The Enquirer reported that Palin had had an affair with a former “business partner” of her husband Todd, and that Todd then “quickly dissolved his friendship and his business associations with the guy”. The infidelity story gained credibility when The Atlantic‘s Andrew Sullivan claimed that Scott Richter, a 39-year-old contractor and associate of the Palins, had requested his court records sealed on September 3. Meanwhile, John McCain’s political camp threatened to sue the Enquirer for reporting about the alleged affair.

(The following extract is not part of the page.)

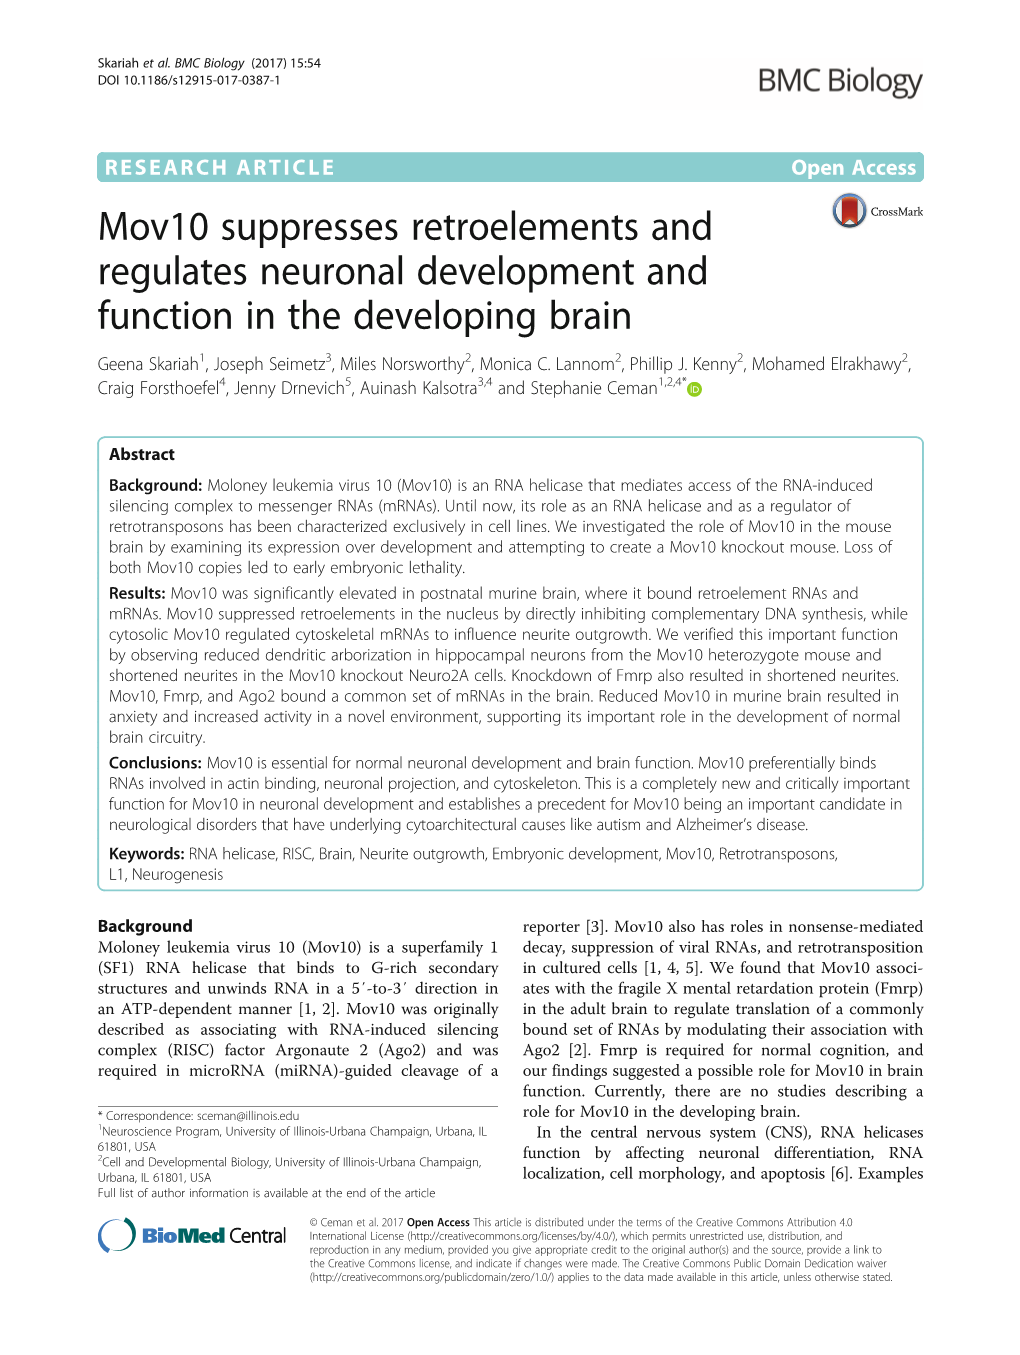 Mov10 Suppresses Retroelements and Regulates Neuronal Development and Function in the Developing Brain Geena Skariah1, Joseph Seimetz3, Miles Norsworthy2, Monica C

However, Richter’s ex-wife Debbie denied on September 5 that there had been any affair. “I can tell you this with 1,000% certainty,” Debbie Richter told Us, “Sarah Palin never had an affair.” She added that Richter had petitioned for the sealing out of privacy, not because he had anything to hide: “As soon as he realized that there was going to be a barrage of media inquiries, he went to the courthouse in his little town and requested that our divorce information be sealed… he just doesn’t want his financial information hanging around out there in the wind.
“He’s just a private person,” Debbie Richter explained to Us about her former husband.
A judge denied Richter’s request. In the meantime, TheSmokingGun.com published Richter’s court motion, which revealed that he merely wanted to hide his contact information so that the media wouldn’t be able to harasshim. He and the Palins are “friends and landowners in a remote cabin” on Safari Lake in Alaska, according to the document, and he was concerned with the way reporters were interfering with the “cabin life and private life” of him and his son.
The Richters filed for divorce jointly in July 2007, and their divorce was granted less than two months later.